Without trying to justify anyone’s overactive imagination and undue since of paranoia, I want to finish my series on fraud by providing you with one last fraud tip: trust your instincts.
That’s not a reason to go firing people without evidence, but if you think that something fishy is afoot, trust your instincts and investigate further. It’s your business – or at least it’s in your charge – and you don’t have to feel guilty about questioning processes, transactions or people.

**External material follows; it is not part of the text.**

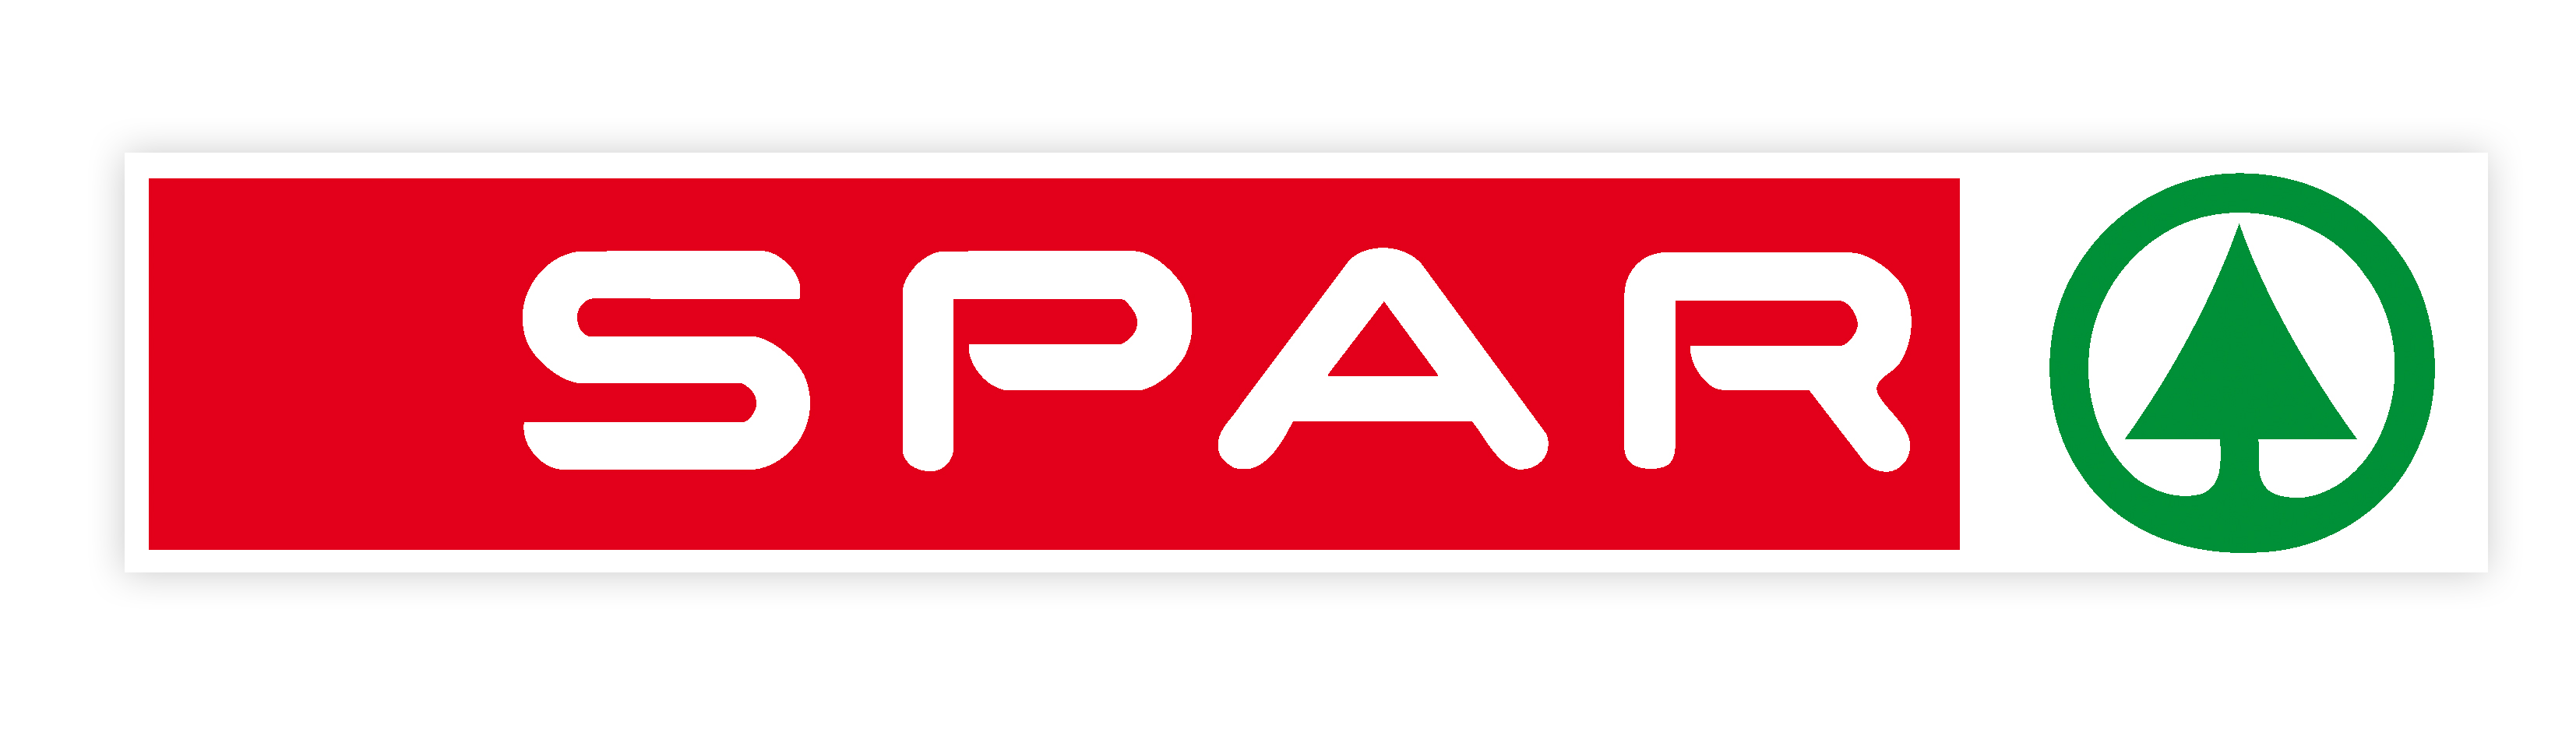 Spar Buildit Logo photo - 1

I recall a manufacturing company in Columbia, SC that was making a dress line for an outlet mall chain. The president of the company had a nasty gambling habit and owed the mob several hundred thousand dollars from Atlantic City gambling debts (I was brought in because he took his eye off the ball). To pay his debt, he was operating some special sales on nights and weekends when the plant was closed. He would simply pull a truck right up to the warehouse, load merchandise onto it and sell it to the mob at a discount; they would apply that against his debt.
All of a sudden our shrinkage went way up, and I had to figure out what happened – but I couldn’t. To date he had been a good president, and he ran a tight ship. I couldn’t figure out what it was that was ravaging the shrinkage numbers, but something wasn’t sitting right with me, and even though it seemed dramatic, I had to trust my instincts. Thus, I hired a private detective to spy on the warehouse just in case there was something I was missing. I expected to find some miscellaneous and uncoordinated left that I was just otherwise missing, but what I learned was the magnitude of the operation going on behind my back.
As in all fraud cases, I’m glad I trusted my instincts and hired a private investigator. And that’s the advice I want to leave you with regarding fraud: trust your instincts.
Have you ever trusted your instincts only to find exactly what you feared? Have you not trusted your instincts to your detriment?